Rendering: SVG, canvas, and a delegated WebGPU

renderer="svg" (default) draws one <path class="region"> per feature. renderer="canvas" draws via geoPath(projection, ctx) - d3-geo renders natively and efficiently straight to a 2D canvas context, so nothing re-parses the SVG path string or reimplements projection math. renderer="webgpu" delegates to the same canvas-2D renderer rather than tessellating arbitrary polygons on the GPU: real-world regions are frequently concave, multi-ring, and hole-containing (an enclave, an island group), and correct GPU triangulation of arbitrary simple polygons needs real ear-clipping - disproportionate scope next to d3-geo's already-fast native 2D path rendering for a typically dozens-to-low-hundreds-of-paths chart. It still capability-gates on navigator.gpu and reports the effective renderer via getContext().renderer, same as every other chart.

Hover / tooltip

tooltipFormatter(d) receives the full ChoroplethDataItem for a matched region, or { id, name } for an unmatched one. In canvas/webgpu mode, hovering is resolved by re-projecting each feature's raw geometry and running a point-in-polygon test (not a bounding-box approximation), so irregular borders hit-test correctly. Hovering dims every other region (the house's standard highlightItems behaviour) rather than a persistent CSS :hover border-darken - the legacy chart's own hover effect.

Loading / no-data

isLoading and isNodata drive the overlay (React: isLoadingComponent / isNodataComponent), identical to every other chart in the house.

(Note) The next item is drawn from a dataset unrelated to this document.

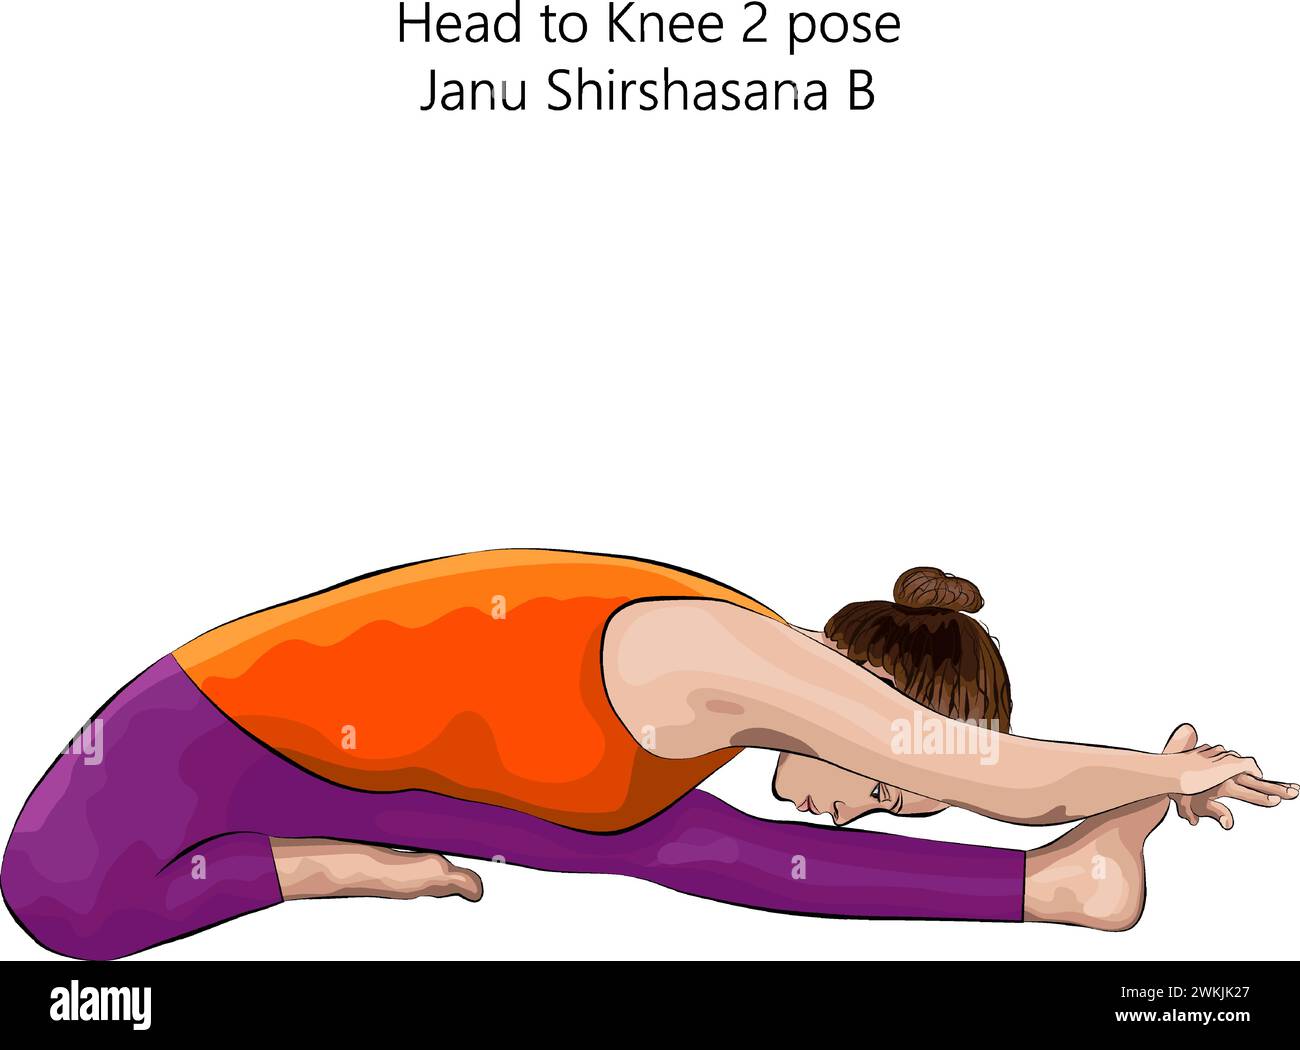 Giovane donna che fa yoga Janu Shirshasana B. testa a ginocchio 2 posa. Difficoltà intermedia. Illustrazione vettoriale isolata. Illustrazione Vettoriale
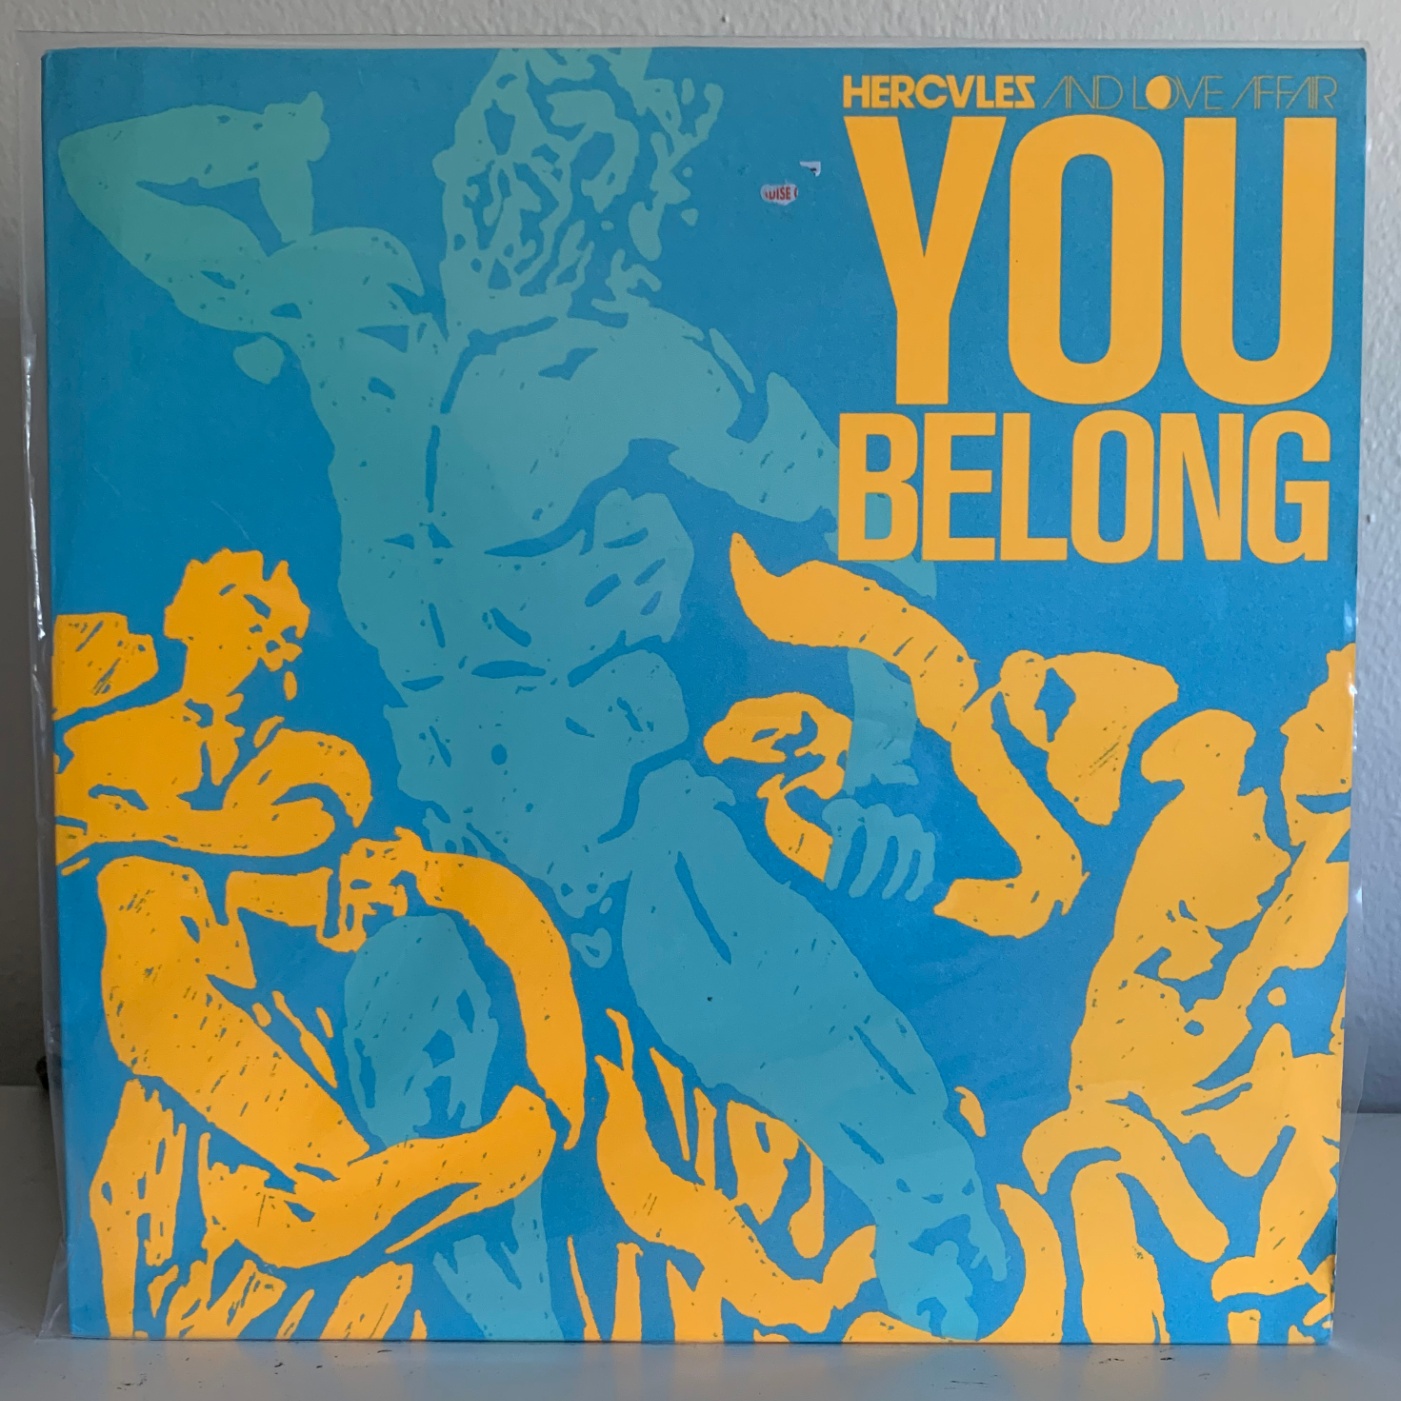 Hercules and Love Affair - "You Belong" vinyl LP

Consumer colour authorities: the context carries legendData ({ label, color, dataLabelSafe }) so a CSS-injection colour system can key per-label rules; onChartDataProcessed is only emitted when the context changes.

  • Every feature in geography is rendered. Legacy consumers that special-cased certain features as invisible (e.g. sdg-trade's old chart skipped Antarctica, feature id ATA) should filter those features out of the geography prop before passing it in — the chart does not special-case any feature id.